ACTION ITEM> Reproduce exactly, and only, the lines below from the one containing "Oni-chan no Suki Ni Site!? 145" through the one containing "22460 Sea Bass".

DATASET>
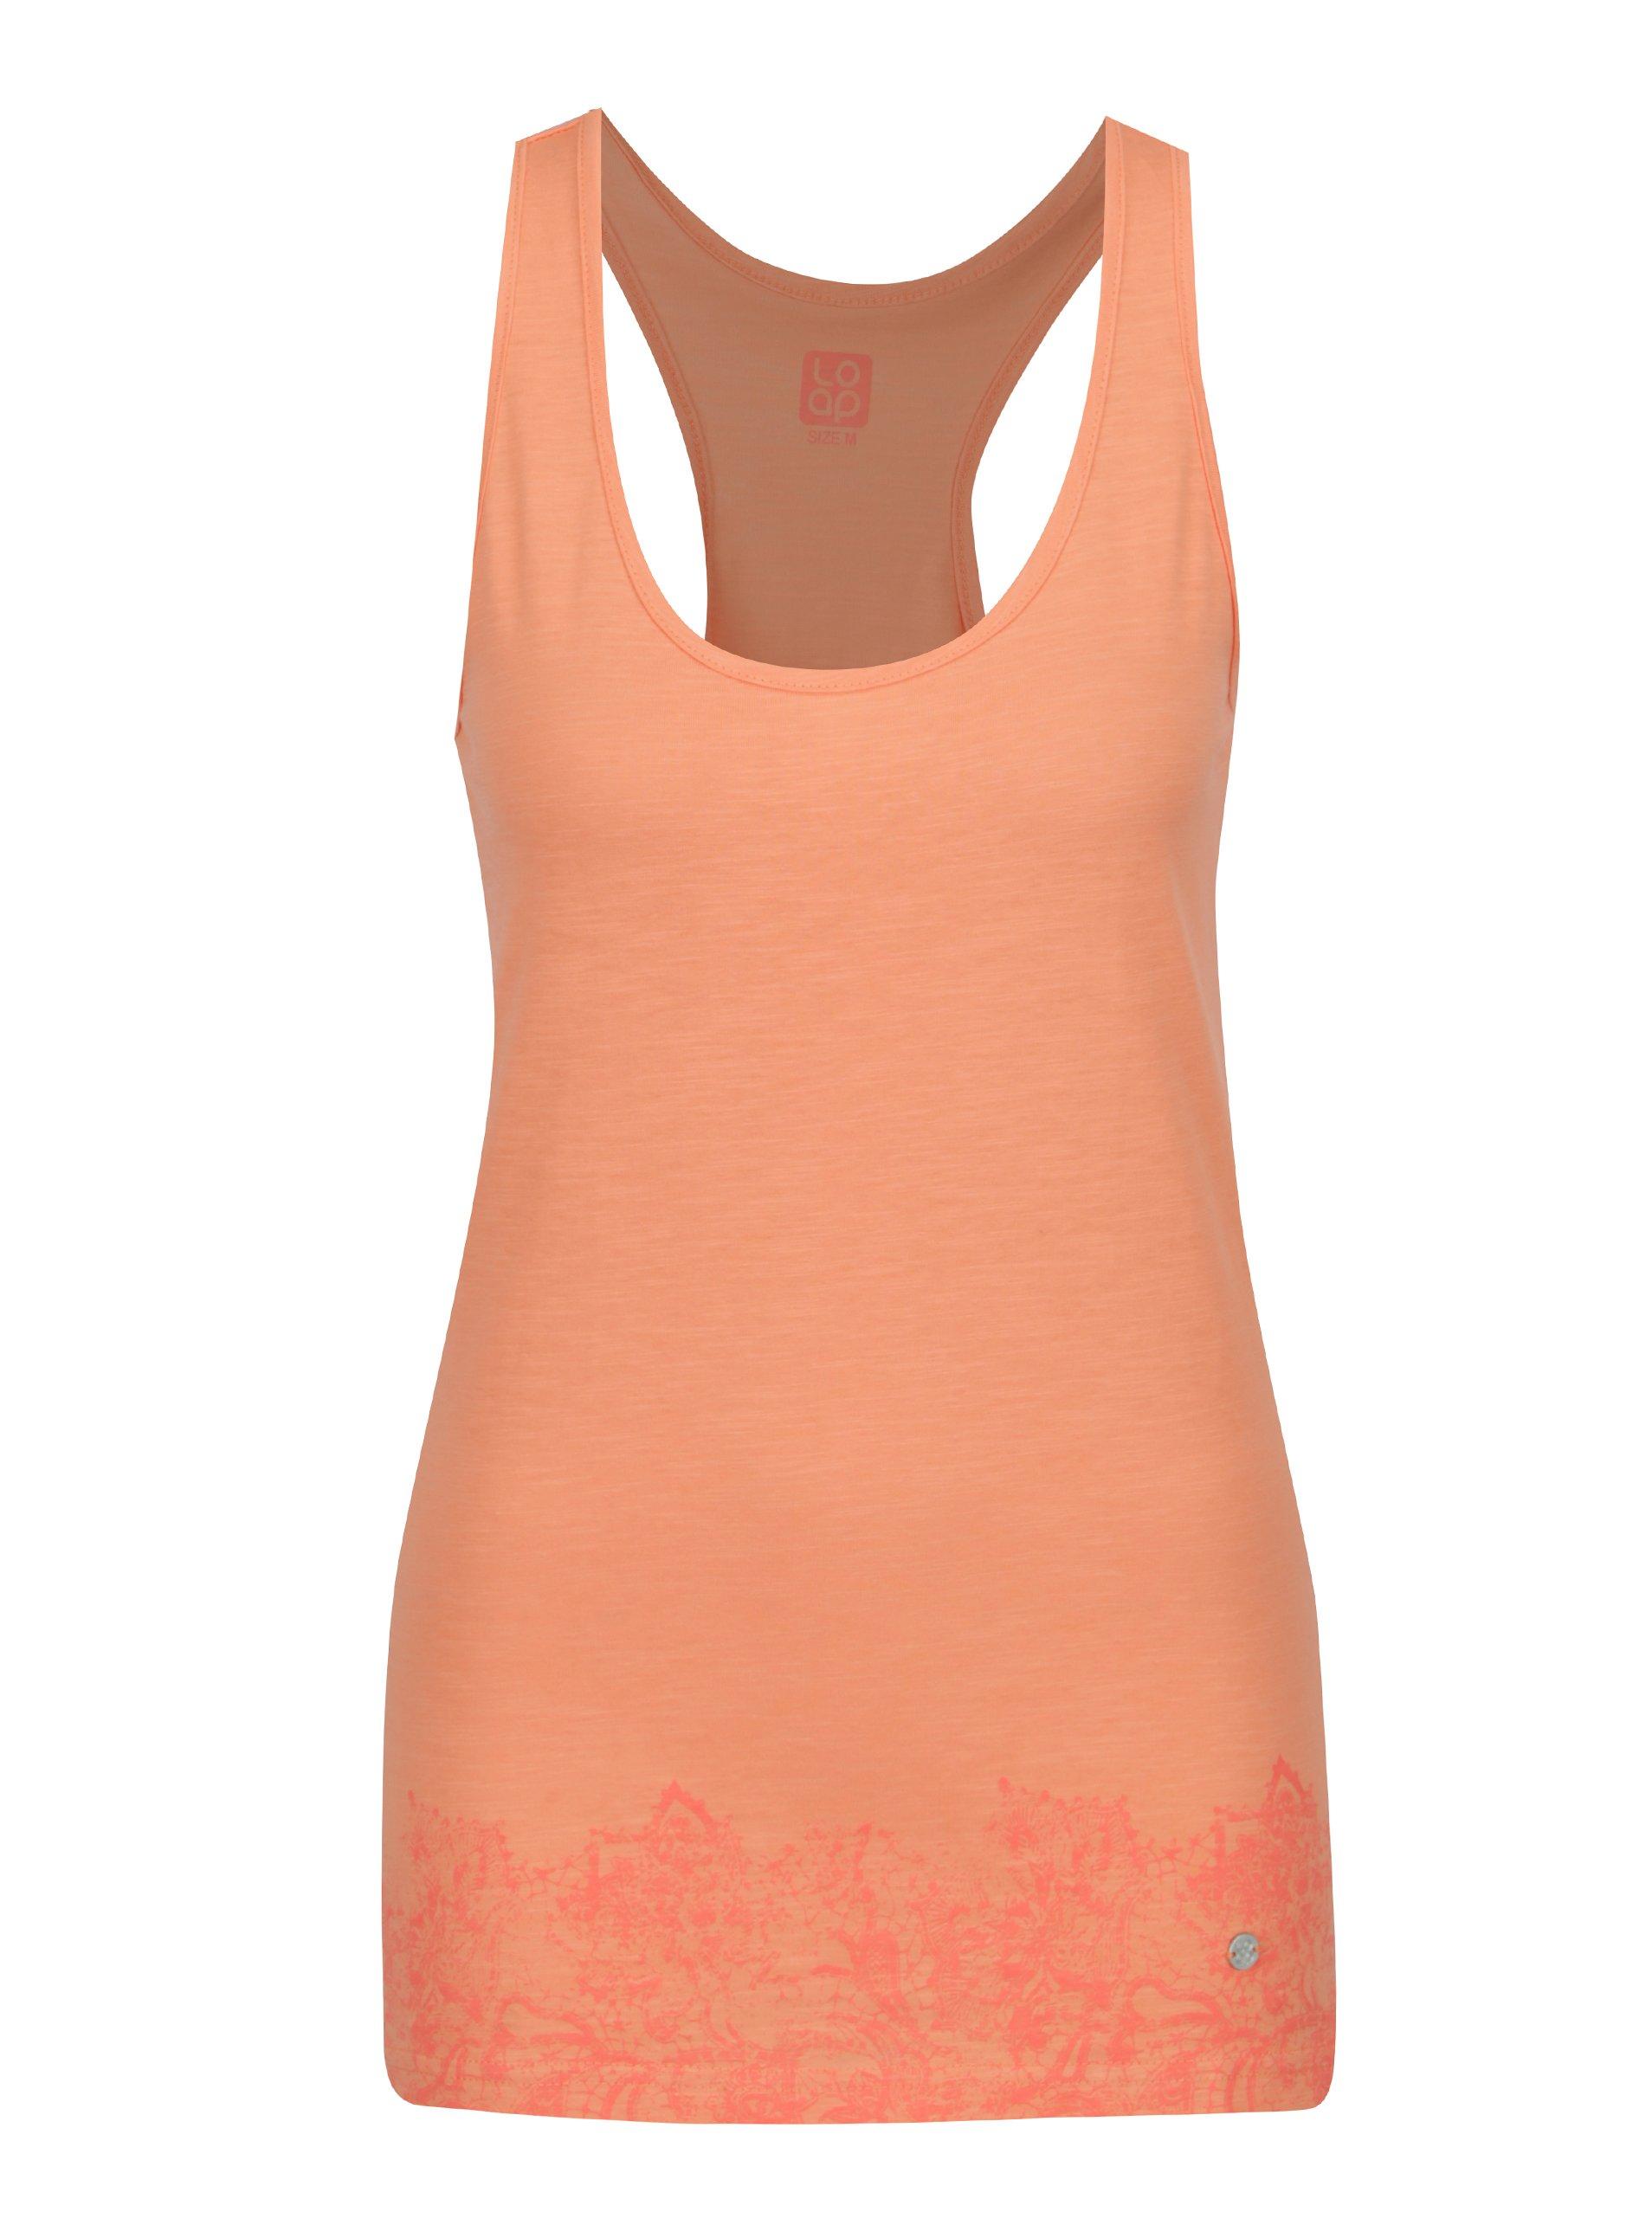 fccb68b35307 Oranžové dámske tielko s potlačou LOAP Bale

---

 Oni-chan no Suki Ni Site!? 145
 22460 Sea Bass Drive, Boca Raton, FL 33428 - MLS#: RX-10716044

RESPONSE TO THIS TASK>
 Oni-chan no Suki Ni Site!? 145
 22460 Sea Bass Drive, Boca Raton, FL 33428 - MLS#: RX-10716044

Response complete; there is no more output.